Nina George / Jens J. Kramer: „Die magische Bibliothek der Buks 2: Das verfluchte Medaillon“. Planet! (Thienemann). 384 Seiten; 17 Euro.
Das Videospiel „Mortal Kombat“, Supermodels um Kate Moss und Cindy Crawford, Bill Clinton und Monica Lewinsky, der Rapper Tupac Shakur. Mit solchen Themen und Fotos beginnt der erinnerungssatte Bildband „1990er“. Für manche sind sie die „gute, alte Zeit“, in der sich die Weltgeschichte noch Richtung Fortschritt und eine bessere Zukunft neigte.

Aber im Vorwort des Autors Henry Carroll heißt es zurecht: „Jede Epoche hat kollektive Ängste“. Carroll erklärt dann auch gleich noch den Aufbau seines Buchs: „Im Mix-and-Match-Stil habe ich deshalb Bilder gepaart, gruppiert und aneinandergereiht, um faszinierende visuelle und thematische Verbindungen zwischen Kunst, Popkultur, Design, Architektur, Mode, Film und Fotografie der 1990er-Jahre aufzuzeigen. Wir sehen, wie Politik, Technologie, plötzliche globale Ereignisse und ein spürbarer Wunsch nach Veränderung beeinflussten, was wie schufen und wie es aussah.“ Und so finden wie in diesem fulminanten Bildband Klonschaf Dolly mit seinem Schöpfer Ian Wilmut genauso wie Frank Gehrys Guggenheim Museum in Bilbao, das iBook von 1999 und George Bush (Vater) vor US-Soldaten.

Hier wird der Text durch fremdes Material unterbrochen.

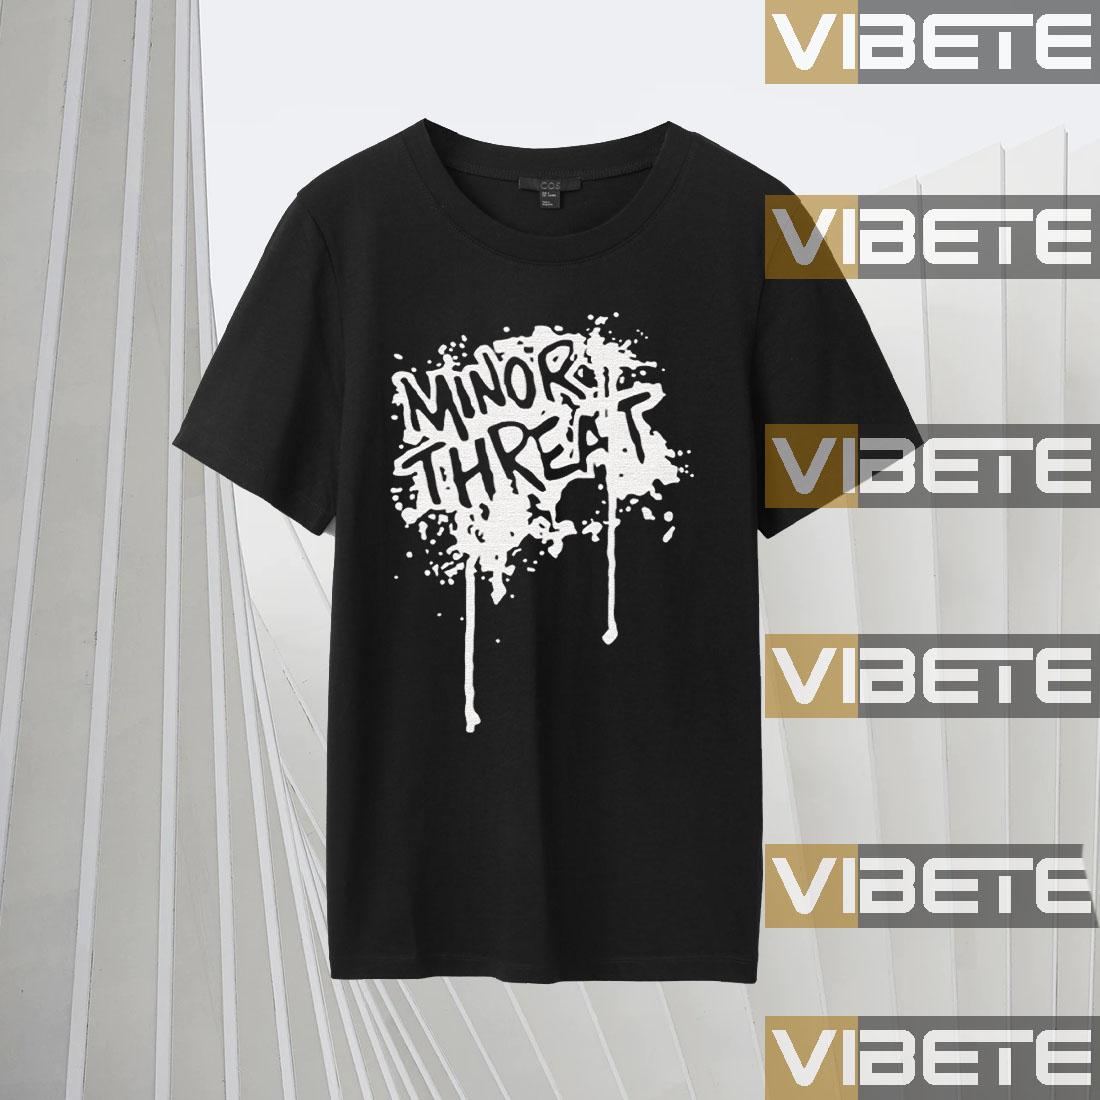 Minor Threat Shirts

Henry Carroll: „1990er. Bilder einer Dekade“. Prestel. 336 Seiten, 50 Euro.
Schon wieder Goethes „Faust“? Das berühmteste Werk deutscher Sprache fasziniert auch rund 220 Jahre nach seinem Erscheinen noch immer Leser wie Schriftstellerinnen. Nun hat sich die Comic-Autorin Nele Heaslip der großen Tragödie angenommen. In düsteren Schwarz-Weiß-Zeichnungen teil sie die Handlung in drei Ebenen: Diese spielen im Mittelalter, in den 1930er Jahren und in der Gegenwart.

Heaslip bleibt dabei die gesamte Zeit größtenteils am Goethe-Originaltext. Sie sei der Meinung, schreibt sie in ihrem Vorwort, „dass wir mit Goethes ,Faust’ niemals fertig sind. Ich denke, dass der ,Faust’ sich jeder neuen Zeit, jeder neuen Gesellschaft auf neue Weise offenbart. Oder eben auf alte Weise – denn auch das Altbewährte kann so innovativ über die Gegenwart hereinbrechen wie das nie Dagewesene.“ Oder wie es bei Goethe heißt: „Vernunft wird Unsinn, Wohltat Plage; weh dir, daß du ein Enkel bist.“ Zwei Bände sollen nach diesem ersten Teil im kommenden Jahr erscheinen. „O schöner Brunnen, der uns fließt.“
Nele Heaslip: „Faust I – Band 1“. Text von Johann Wolfgang von Goethe, Jaja Verlag. 284 Seiten, 32 Euro.